My favorite stanza, but I hear what you're saying throughout.


----------



## southerner (Aug 22, 2012)

Thanks, Gumby. Nice to have a pleasant comment right out of the chute! The very stanza you refer to contains a line (They seized the schools, the bench, the* ARTS) *with the implication that I can expect vitriolic responses, or none at all.


----------



## alanmt (Aug 22, 2012)

I cannot get past the content to comment on the merits of the poem as poem.  Hyperbole in service to the demonization of one's political opponents is distasteful to me, for its lack of respect to one's fellow human beings, its dumbing down of the political discourse, and its engenderment of political paranoia and hostility.


----------



## southerner (Aug 23, 2012)

Dumbing down of discourse? Laughable! Anyone paying the slightest  attention to what is happening in this country knows the media is  utterly and completely liberal, save for the dreaded Fox and talk radio.  

Seems the only time content REALLY matters is when it is  uttered by a Conservative against a liberal. My poem, while employing  mild hyperbole for illustrative purposes, comes from many years of  having been a liberal before realizing how convoluted the whole  philosophy is, especially in the last couple of decades. My observations are spot on as far as I am concerned, which is, after all, what really matters, given that I am the author.

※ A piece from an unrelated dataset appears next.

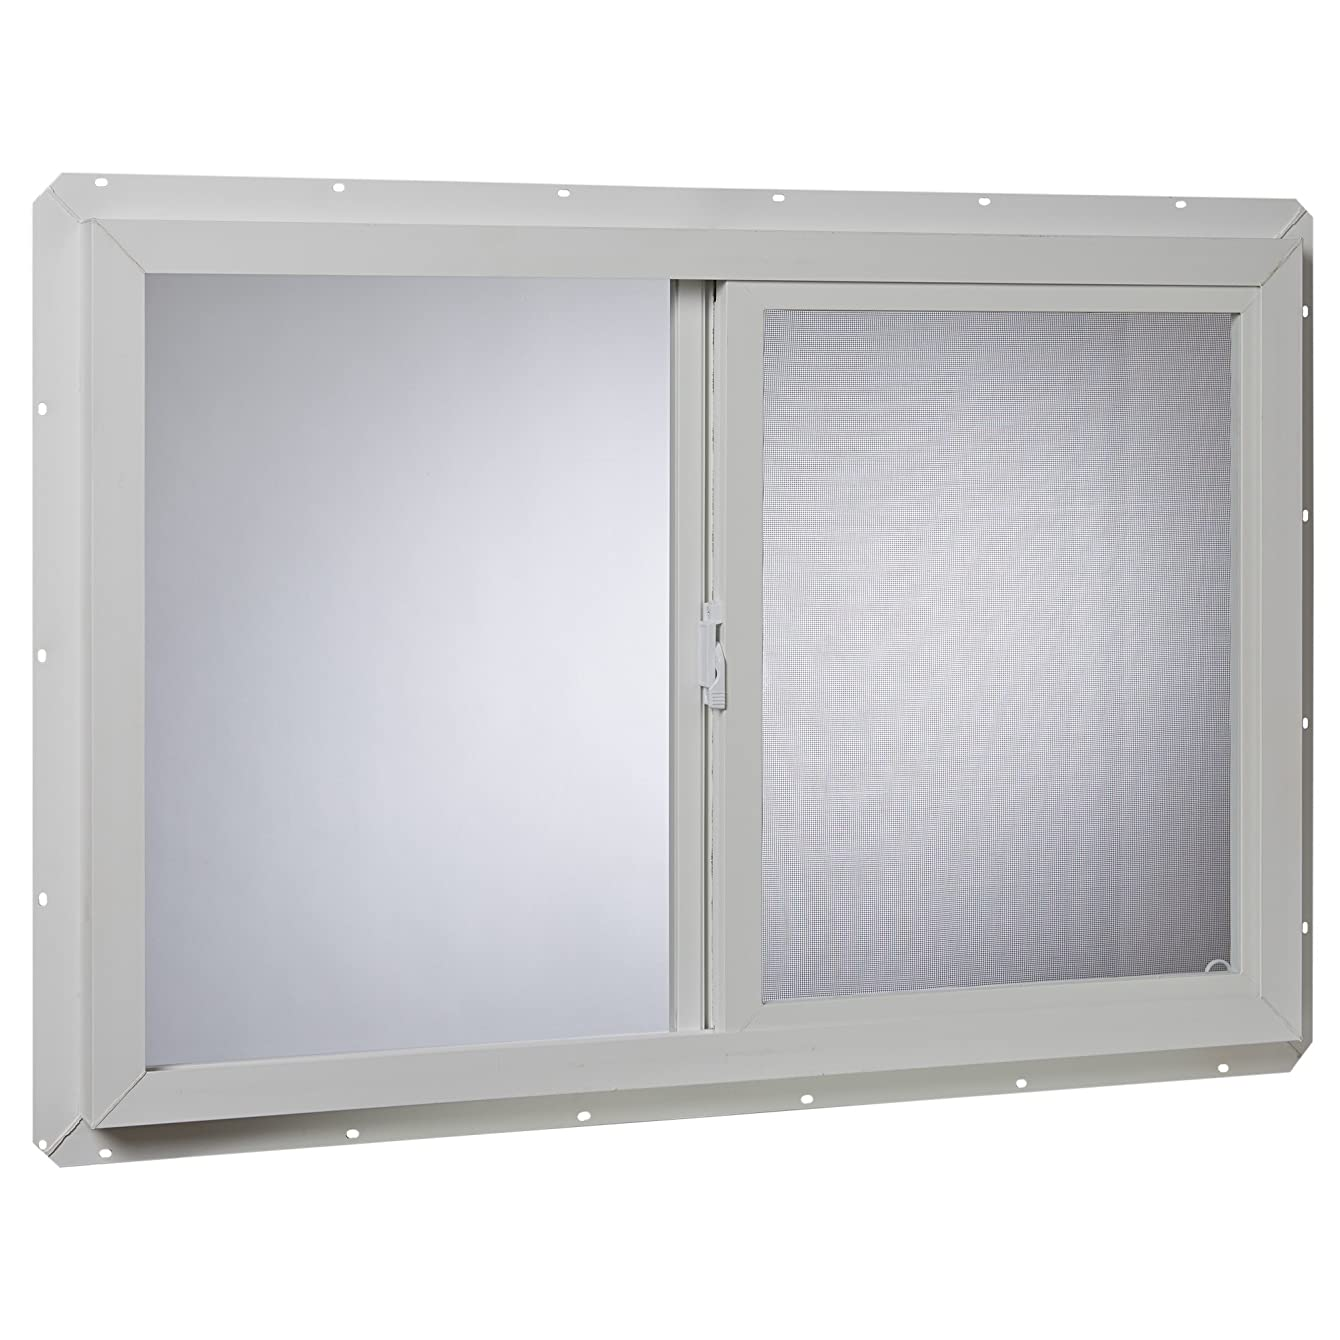 Park Ridge Products VUS3624PR Park Ridge Slider Glazed 36 in. x 24 in. Utility Single-Glass Sliding Vinyl Window – White, xkiehalyqzaav04

Guess  there's no need to thank you for critiquing the work since you didn't.  Perhaps you would be more objective toward genuine works of art like the Christ in urine?


----------



## JackKnife (Aug 23, 2012)

Okay, I'm not going to touch on the whole propaganda vibe I'm getting here because it's all pretty silly.

It's nothing new, pushing one's political slant into someone's face via written means, so to comment on this piece as a piece and nothing more, it's got a good rhyming scheme and the comparisons drawn between others' work was a nice touch.


----------



## southerner (Aug 23, 2012)

Well, that is certainly fair. I am indeed happy and relieved that you confined your comments strictly to the piece, rather than taking, propagandized shots at my political leanings, for that old, in-your-face tactic (via written means) would be pretty silly, after all. 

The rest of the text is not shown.